Wearing shorts in the summer or a fancy dress for a night out are things most people simply take for granted. Most cannot imagine a situation that would prevent them from donning shorts on a sweltering 98-degree July afternoon or a little black dress that hits just above the knee for a date or night out with the girls.
However, for people with varicose veins and venous insufficiency, these are things that individuals deal with on a daily basis—and something the Vein Center at Brinton Lake is working to change.
“Many patients don’t wear shorts,” explains Chad Brecher, M.D. “Or [they] haven’t gone to the beach in years because they are so mortified about having these large varicose veins that are very treatable.”
Unfortunately, while almost half of the U.S. population suffers from venous disease—50 to 55 percent of women and 40 to 45 percent of men—many aren’t aware of and are afraid to utilize the available options that innovative outpatient centers such as the Vein Center at Brinton Lake in Glen Mills provide.
“Many people are simply not aware that they now have really great options that are minimally invasive and usually covered by insurance” explains Kurt Muetterties, M.D., who founded the center in 2006. “I believe they often have misconceptions from past experiences when treatments were much more invasive and less effective”

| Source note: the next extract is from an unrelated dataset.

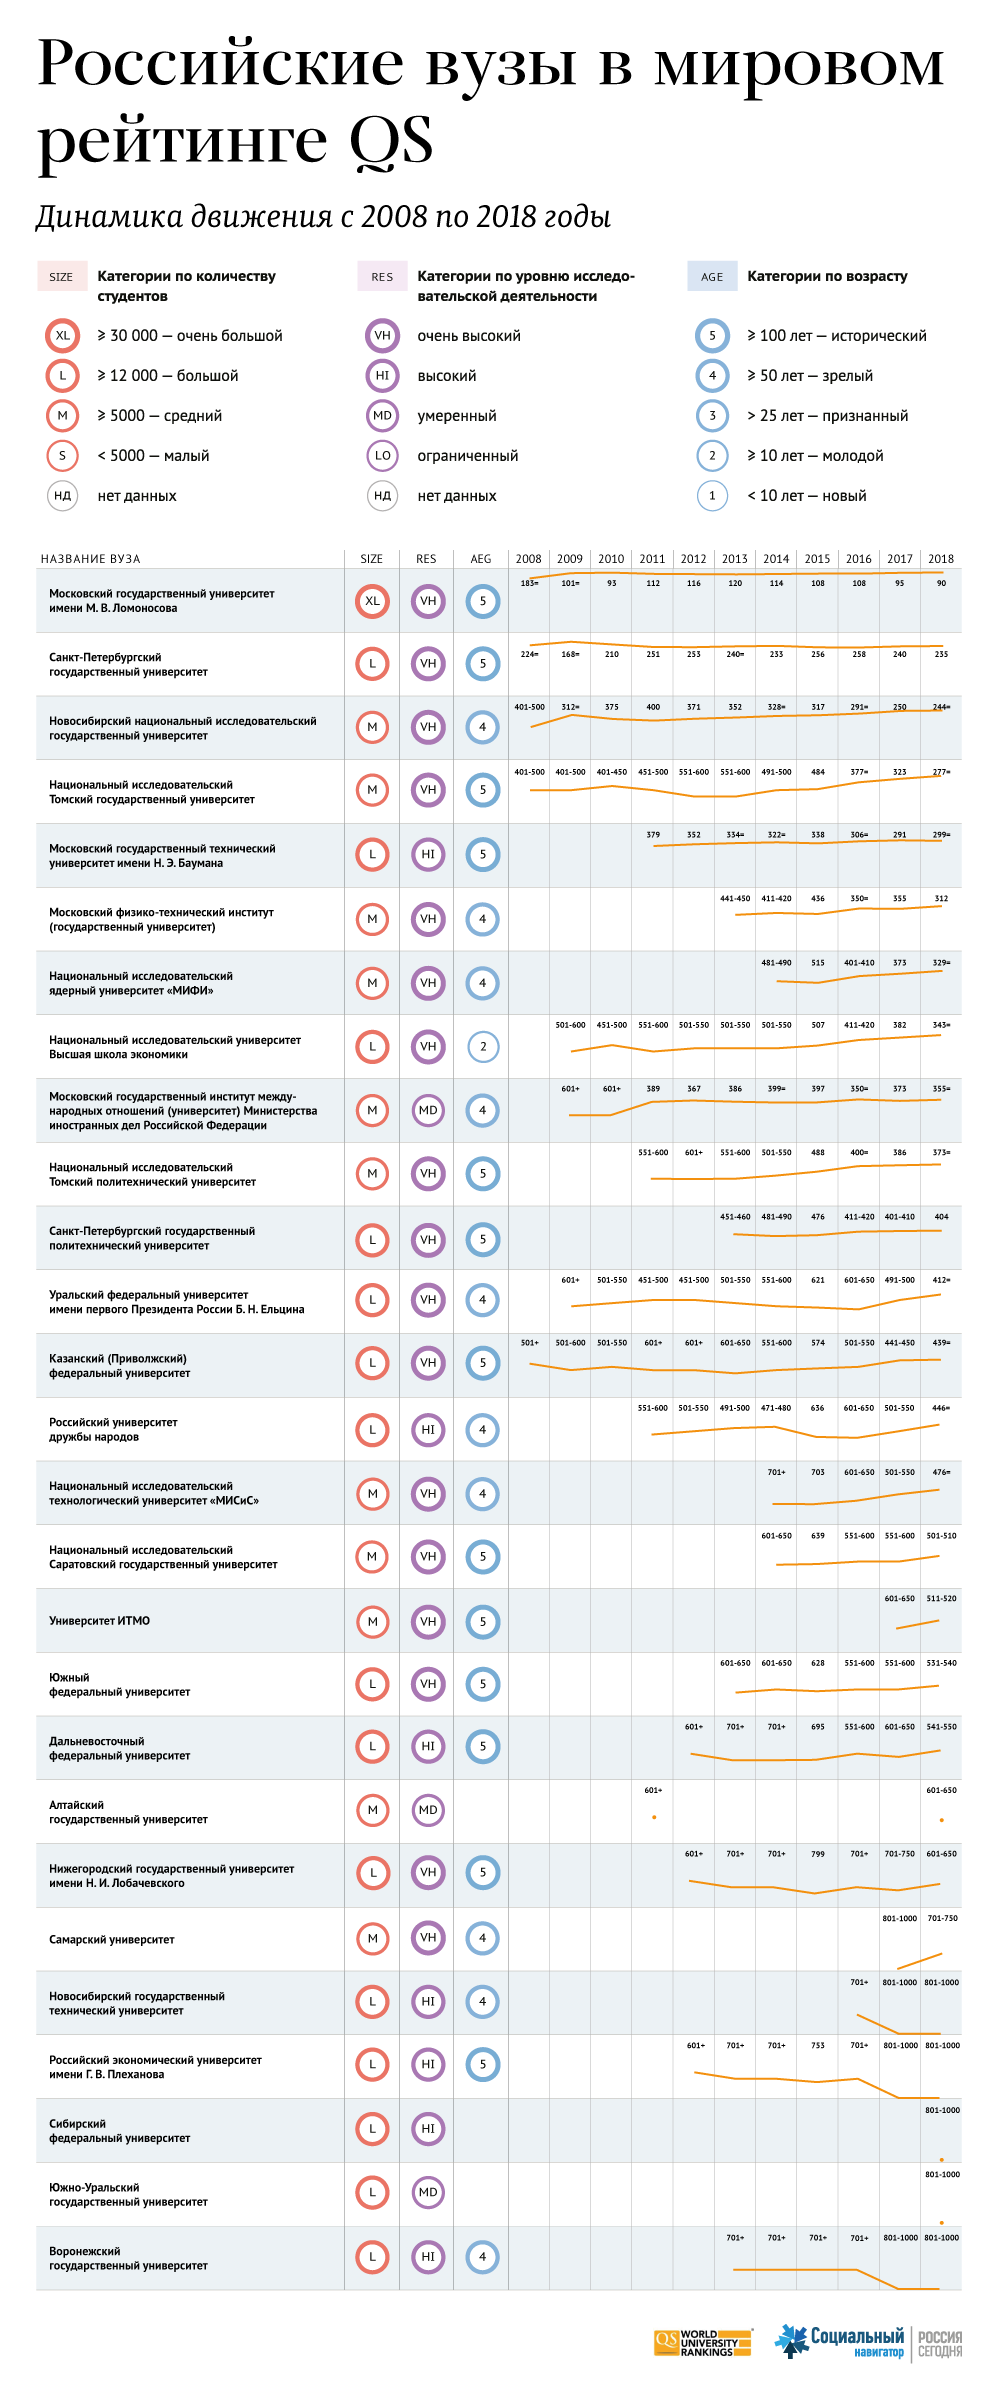 Российские вузы в мировом рейтинге QS - 2018

Chronic venous disease, while a cosmetic issue with noticeable, bulging veins from the legs, is a medical issue that can significantly impair the quality of life, a condition resulting from decreased blood flow from the leg veins up to the heart with pooling of blood in the veins. Typically strong, one-way valves in the veins keep the blood flowing toward the heart, but when the valves become weak they don’t close properly and allow blood to flow backwards, causing the veins to become elongated, rope like, bulged and thickened.
Instead of ignoring their symptoms—aching pains, easily tired legs, leg heaviness—it is ideal for patients to get treatment as early on as possible not only for the cosmetic benefits but the health benefits as well.

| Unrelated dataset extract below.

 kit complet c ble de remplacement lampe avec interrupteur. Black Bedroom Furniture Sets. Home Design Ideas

At the Vein Center at Brinton Lake, the three doctors—Drs. Muetterties, Brecher and Lance Becker, M.D.—are all board certified and individually subspecialty trained, providing the most comprehensive and complete treatment for their patients.
“[We] really believe strongly that in order to treat venous disease, the approach you need to have is with a diverse skill set,” explains Dr. Becker. “With our expertise we can make the most effective treatment for the most complex diseases and minimize reoccurrence of the disease at the same time. We feel strongly that without the full complement of techniques that are offered in a center like ours, patients may not get optimal care or complete treatment.”
With their diverse background and varied training, the doctors provide a variety of services and procedures to their clients—venous ablation, ambulatory phlebectomy and injection sclerotherapy—all of which are minimally invasive and are done as outpatient procedures.
A Portable Practice
Unfortunately, while the United States has an extremely advanced health care system that has allowed practices such as this to flourish and treat patients in need, many developing countries don’t offer access to the same extensive treatment.
Realizing that this debilitating disease still exists (and, is usually more prevalent) in developing countries, Drs. Muetterties and Brecher have taken the practice on the road. They have traveled to places such as Honduras, Mexico and the Dominican Republic to provide free venous medical care to those individuals who would have otherwise never had access to it.
“What’s wonderful about our practice is that it’s very portable,” says Dr. Muetterties. “We have technology we can transport to pretty remote areas and we can perform our procedures and treat their venous insufficiencies right there. When we arrived on the first day we show up to a Red Cross center and there are over 100 people that are lined up sleeping overnight in the pouring rain to be seen.”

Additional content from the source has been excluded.